According to a report from the Wall Street Journal, Republicans and GOP consultants are surveying the reputational damage done to the party after Donald Trump encouraged followers to march in the U.S. Capitol on Wednesday that led to a riot and left five dead.
With finger-pointing in full bloom and the president retreating back to the White House and still fuming about his failed re-election bid, the party that allied itself so closely with Trump is finding itself suffering collateral damage.
According to the Journal, there is an internal fight going on between Trump's remaining supporters in Congress and those who want to put him in the past and repair the damage he wrought.

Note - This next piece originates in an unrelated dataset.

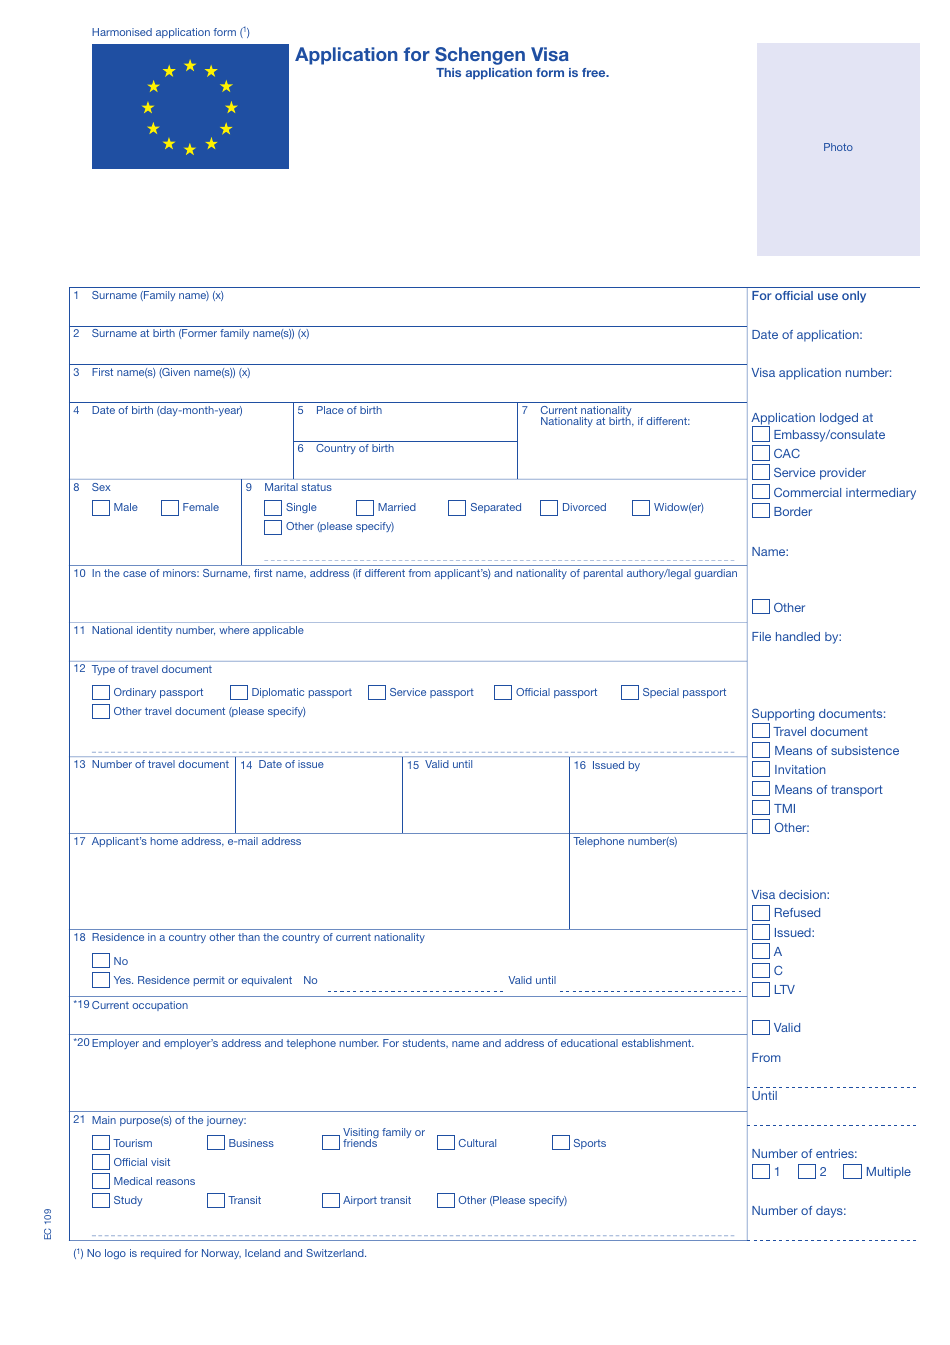 Schengen Visa Application Form - Finland, Page 1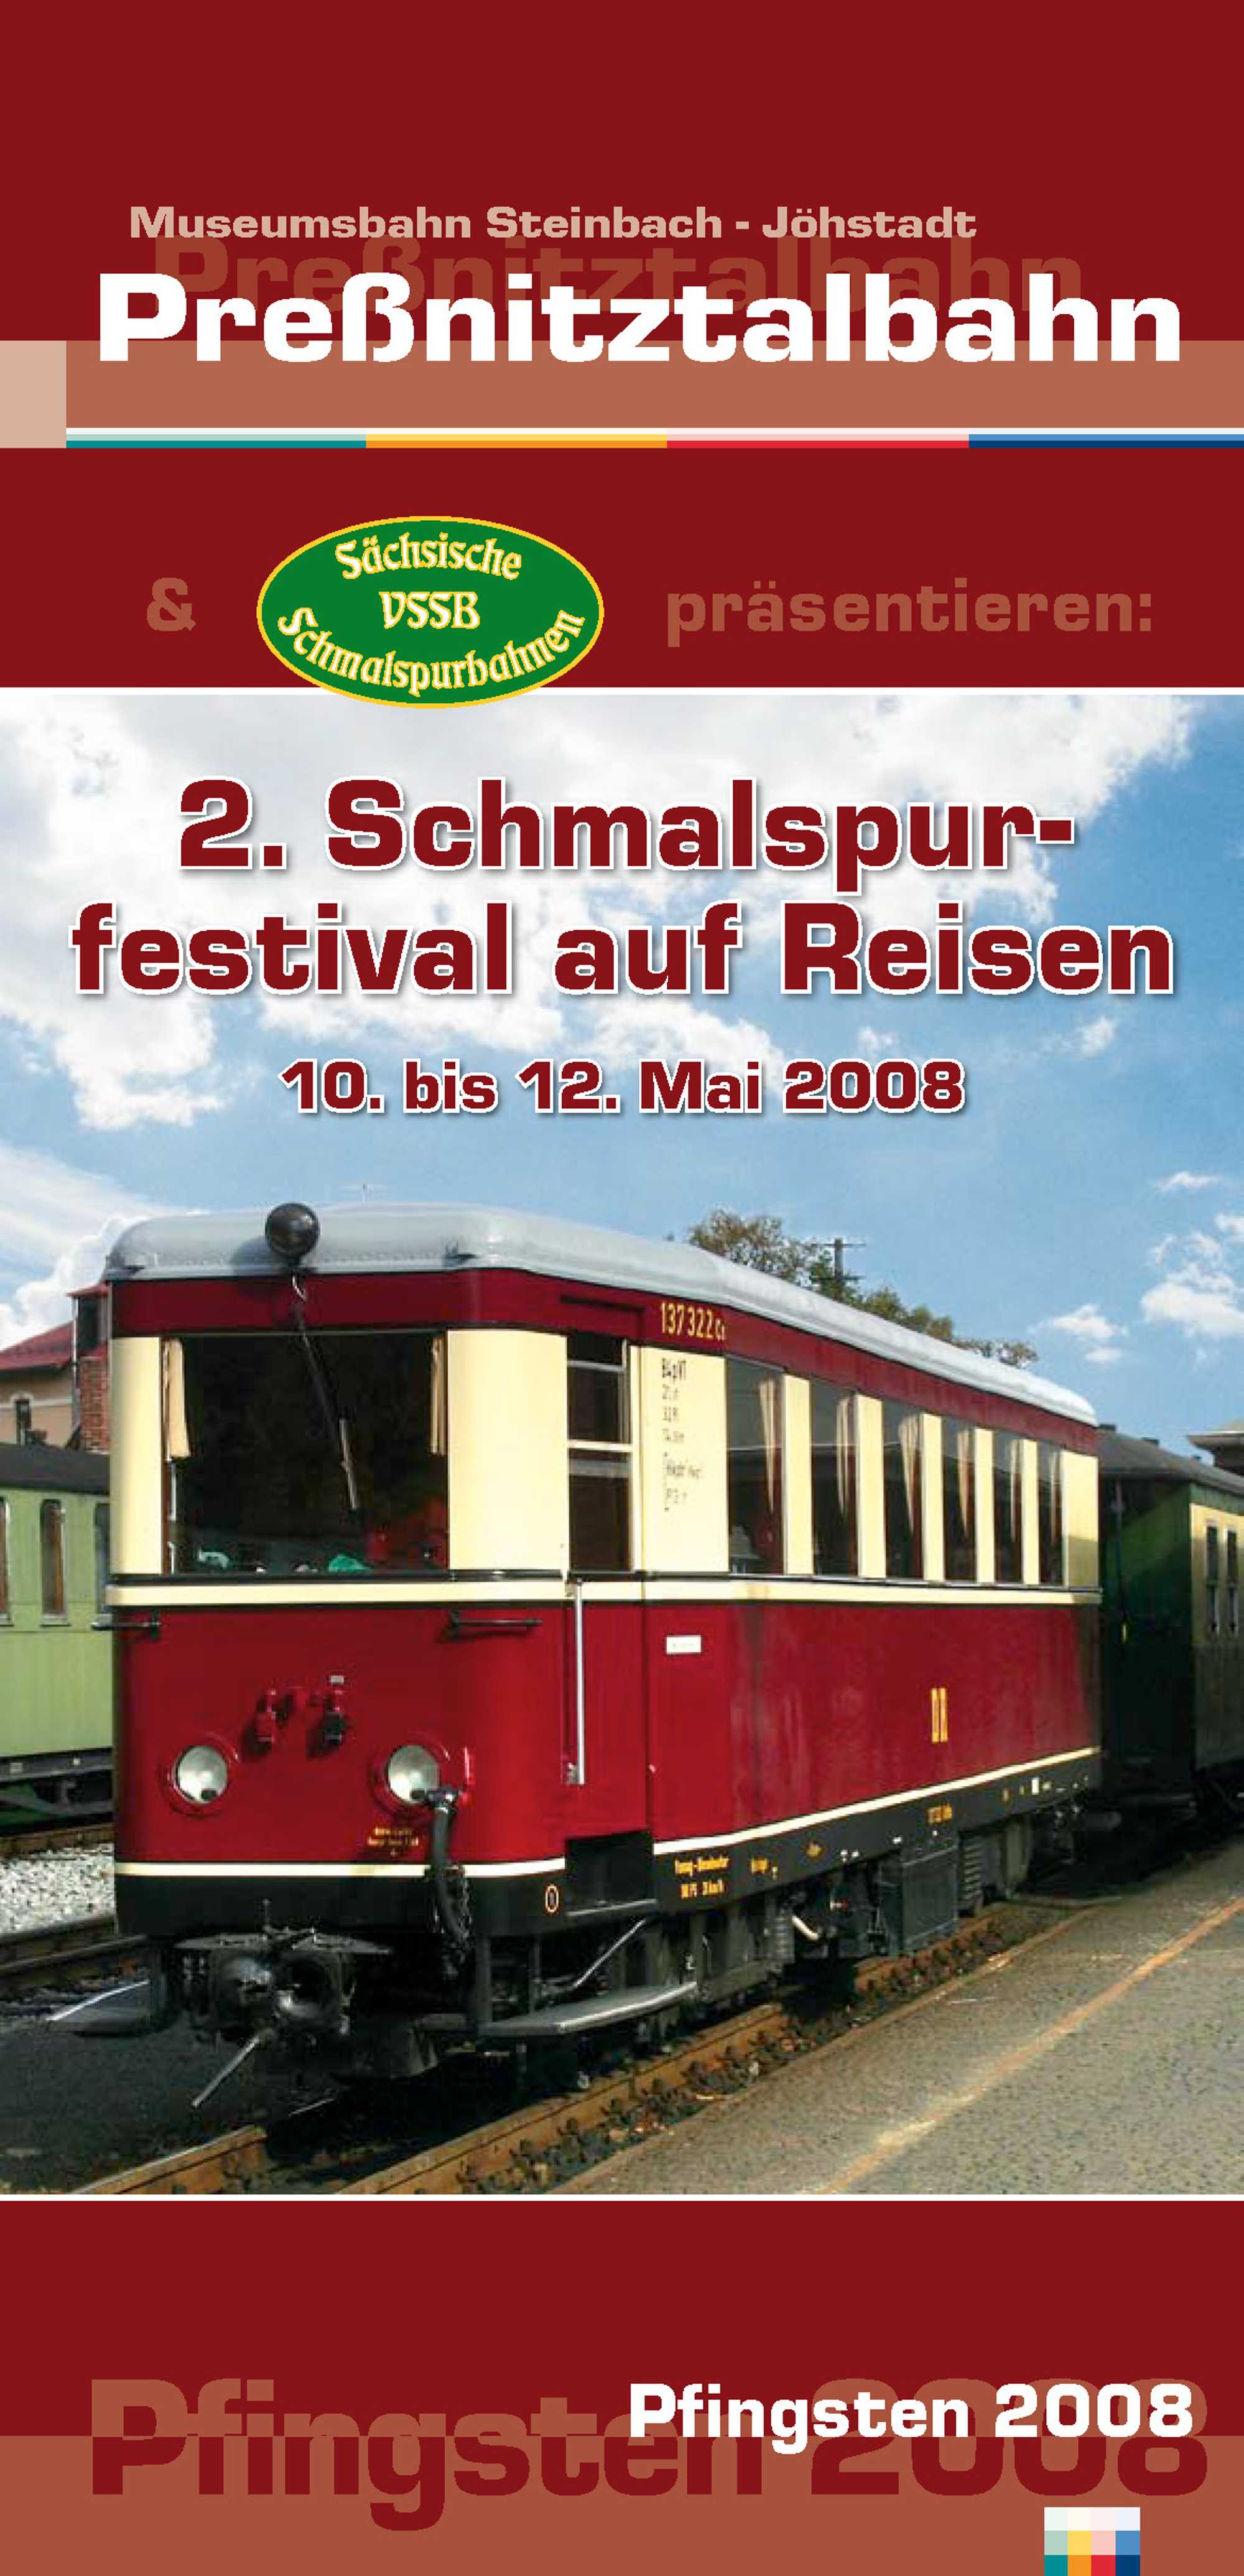 Veranstaltungsflyer zum 2. Schmalspurfestival auf Reisen und Bahnhofsfest Pfingsten 2008 (Vorderseite)

As Sen. John Thune (R-SD) put it, "We've got to chart a course. I think our identity for the past several years now has been built around an individual. And we've got to get back to where it is built on a set of ideas and principles and policies, and I'm sure those conversations will be held. But it needs to happen pretty soon."
Republican strategist Scott Reed bluntly explained the problem facing the party, "I think the Trump brand is close to destroyed."
The Journal reported, "This week's events exacerbated a crisis of identity for a party that already was seeking to figure out how it will sell itself in the post-Trump era," adding, "Across the country, the party is being torn by infighting between those who resisted Mr. Trump's efforts to overturn the presidential election results, and those who supported it, in some cases with an eye to run for higher office."
That doesn't mean that the president doesn't still have a loyal base with the report noting Trump still has "strong support among his base of largely rural, evangelical Christian and working-class voters." But those numbers came before Wednesday's assault on the Capitol.
According to Stan Barnes, a Republican consultant, the party leadership needs to decide how much longer it wants to be associated with the outgoing president.
"It's a serious threat to the party's ability to win elections in the near future, to recruit candidates and raise money,'' Barnes explained. "And if the party can't figure out if wants to be in the boat with Trump or in another boat, then the party is facing an existential threat."
Rick Tyler, a Republican strategist who advised Sen. Ted Cruz (R-TX), agreed.
"Unless the party fully rejects Trump, it will quickly become irrelevant," he explained. "The type of candidates a Trump-centric Republican Party will nominate will be easily beaten in most general elections, relegating themselves to being a perpetual minority and regional party."